_Input for this task_
/---

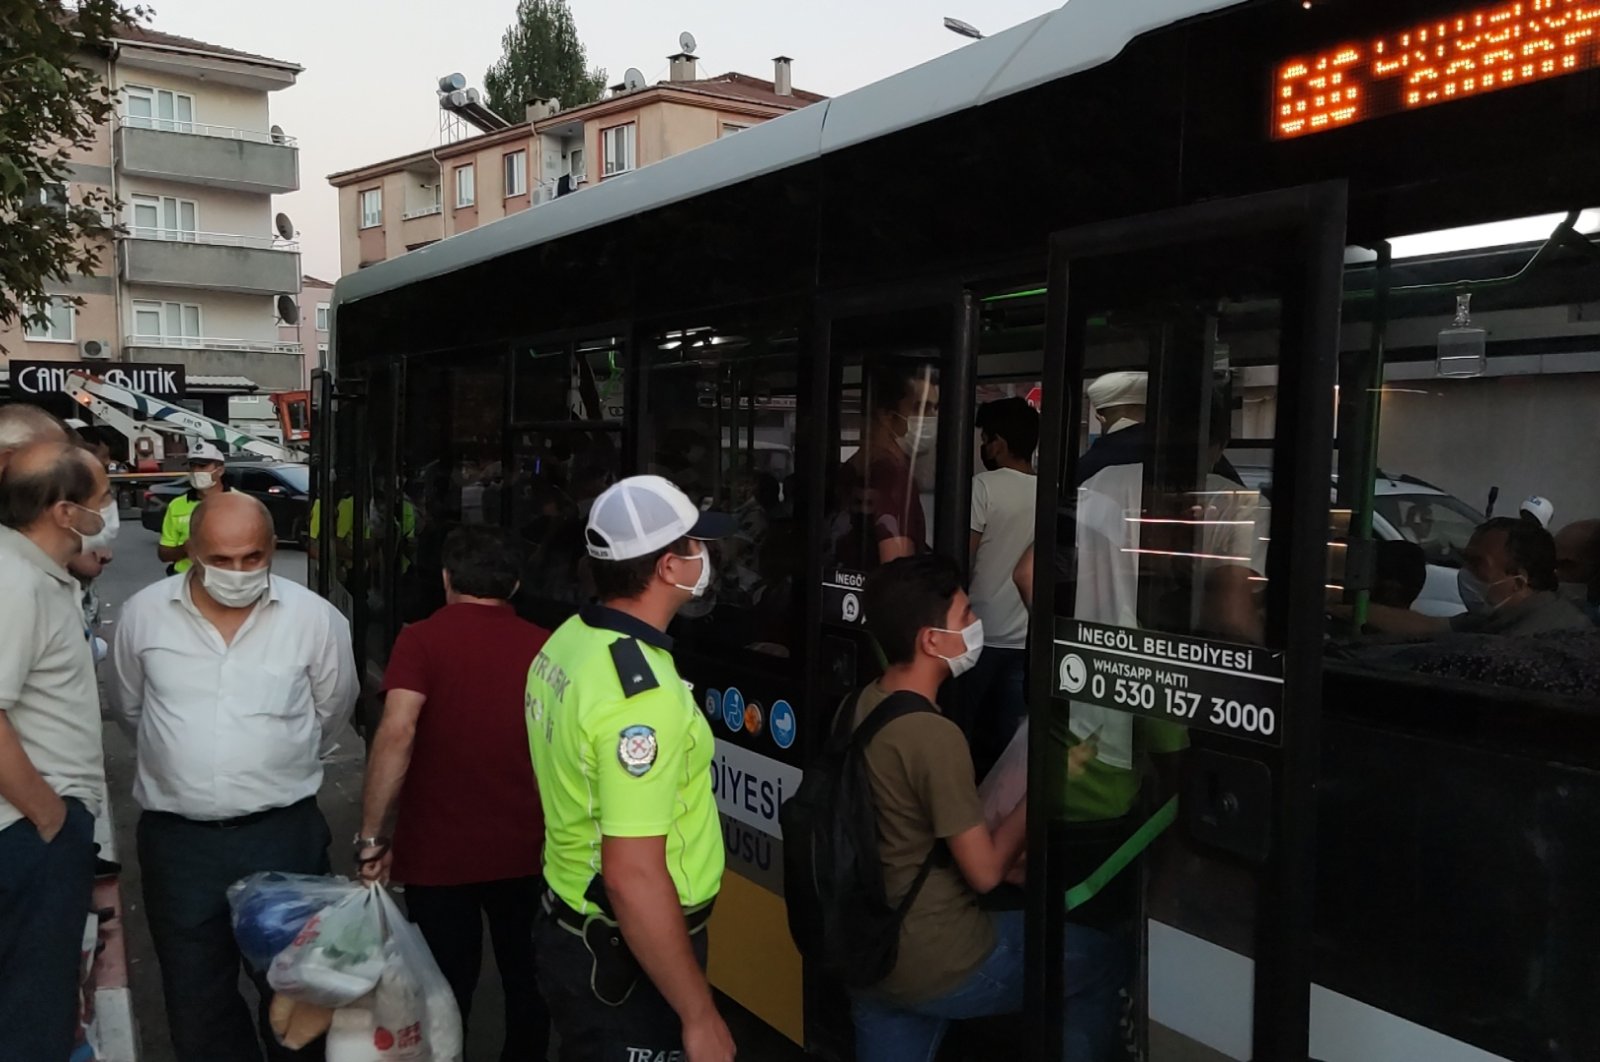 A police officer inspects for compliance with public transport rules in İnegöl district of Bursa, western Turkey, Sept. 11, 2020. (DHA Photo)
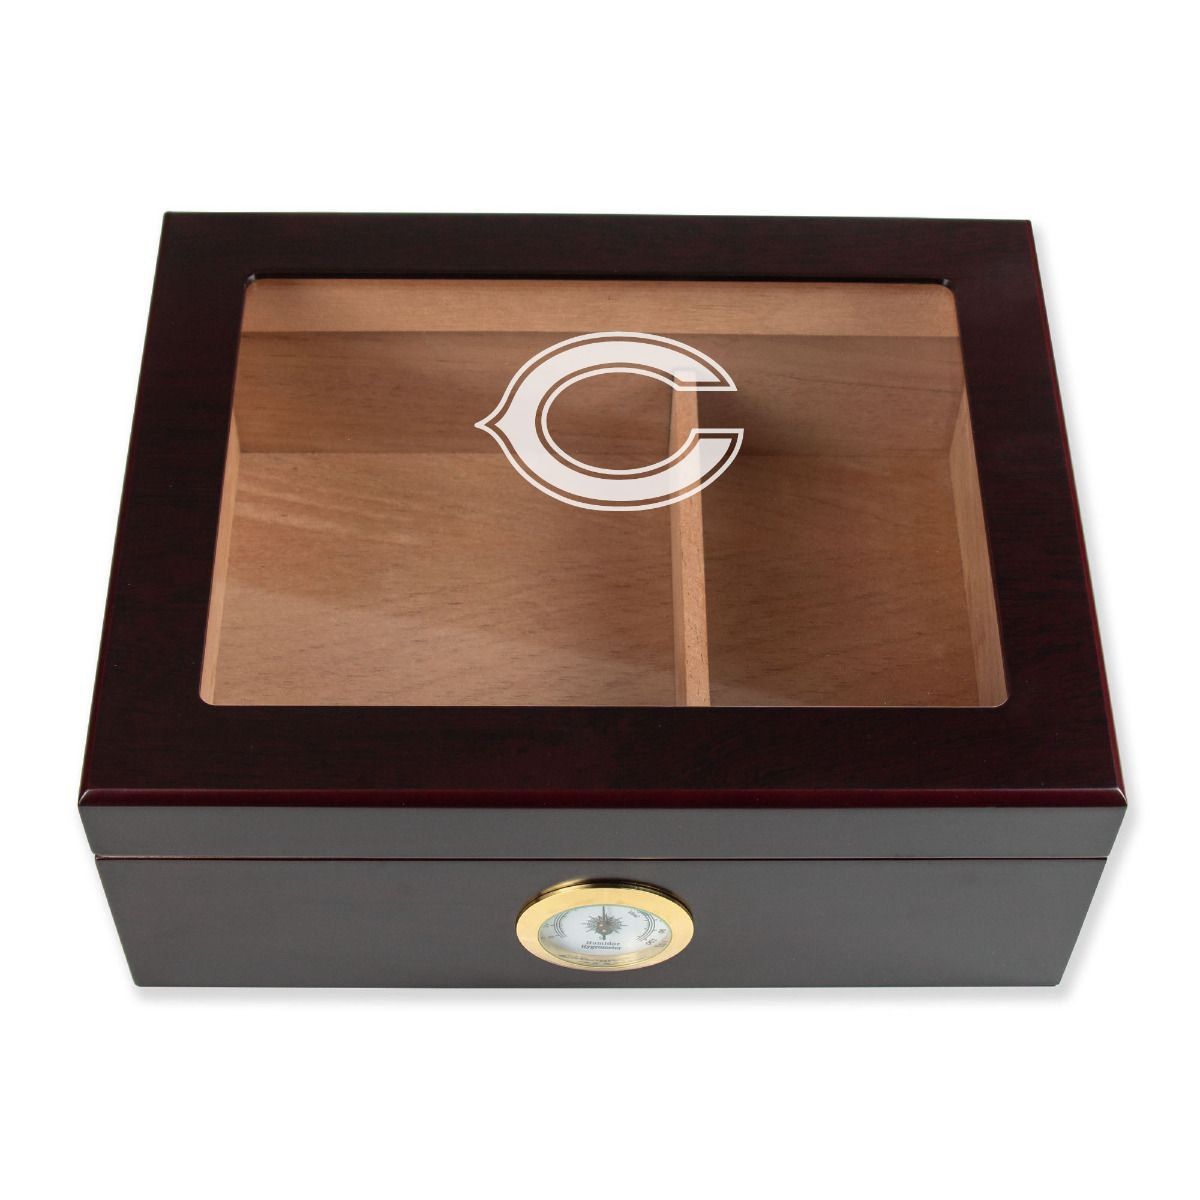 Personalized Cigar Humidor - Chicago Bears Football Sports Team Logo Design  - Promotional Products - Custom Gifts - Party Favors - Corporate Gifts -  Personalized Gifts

\---
/---

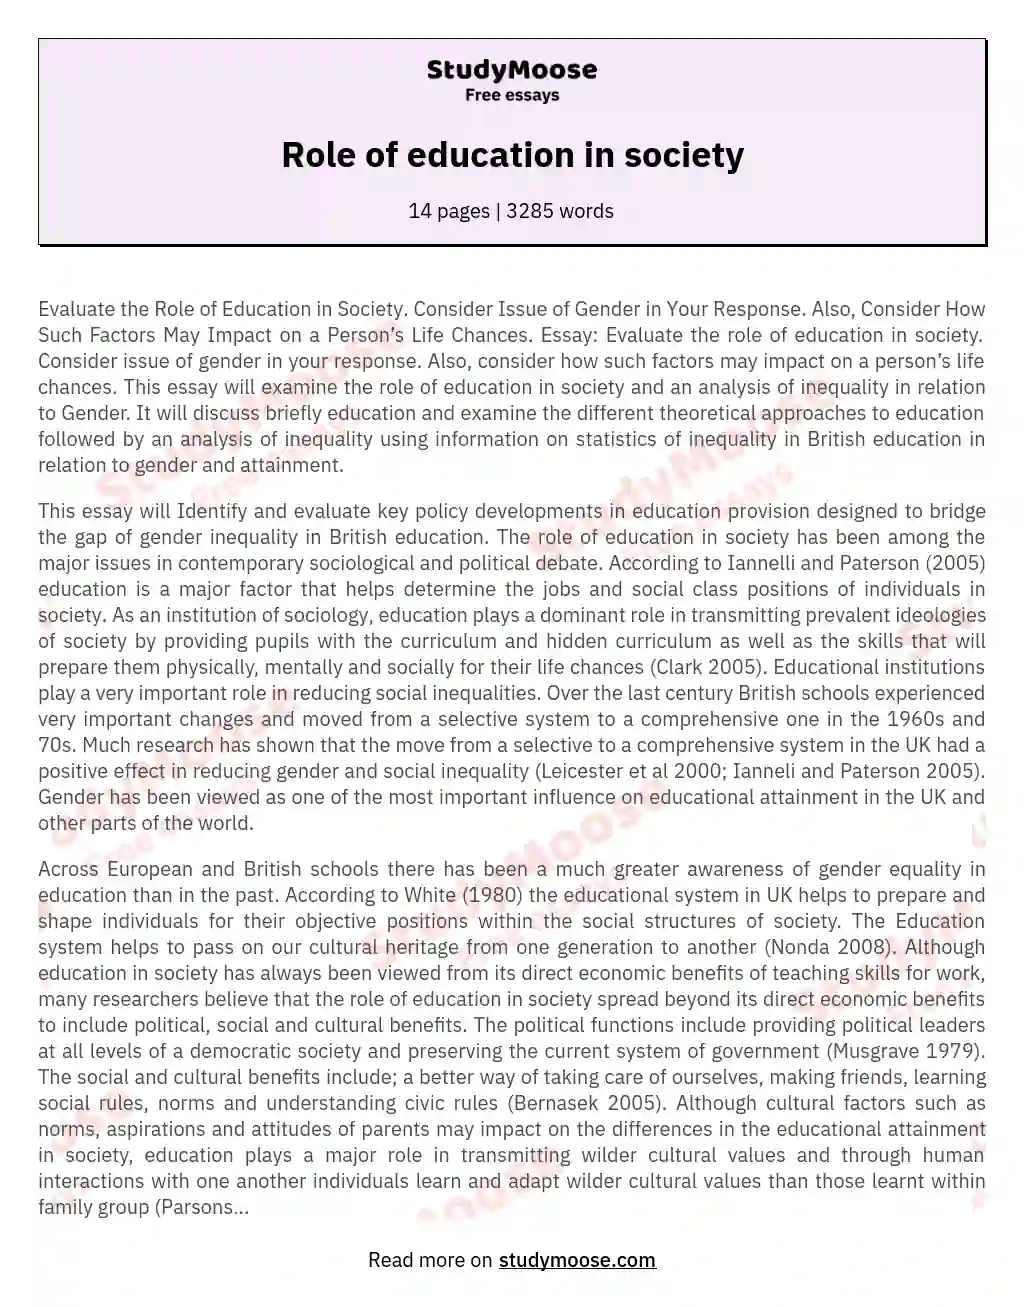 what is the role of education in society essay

\---
/---

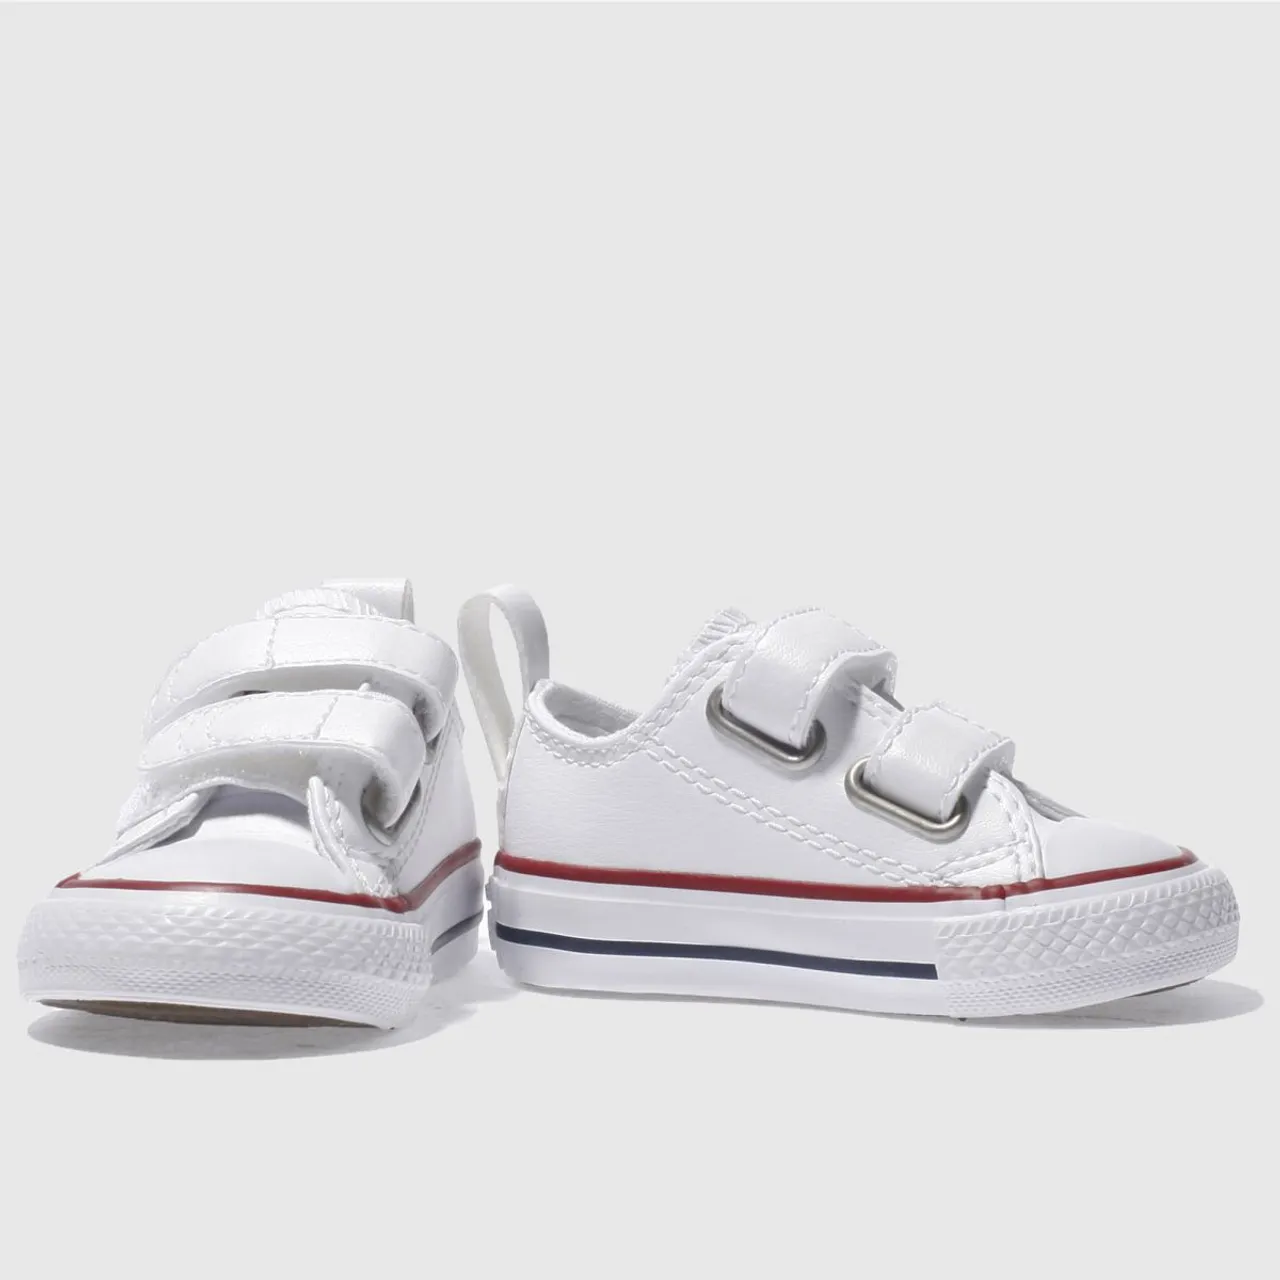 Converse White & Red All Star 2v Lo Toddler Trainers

\---

_What you have to do_
Leave out the images and write out the lines above exactly, from the one with "A police officer" up to and including the one with "Personalized Cigar Humidor".

_Answer to this problem_
 A police officer inspects for compliance with public transport rules in İnegöl district of Bursa, western Turkey, Sept. 11, 2020. (DHA Photo)
 Personalized Cigar Humidor - Chicago Bears Football Sports Team Logo Design  - Promotional Products - Custom Gifts - Party Favors - Corporate Gifts -  Personalized Gifts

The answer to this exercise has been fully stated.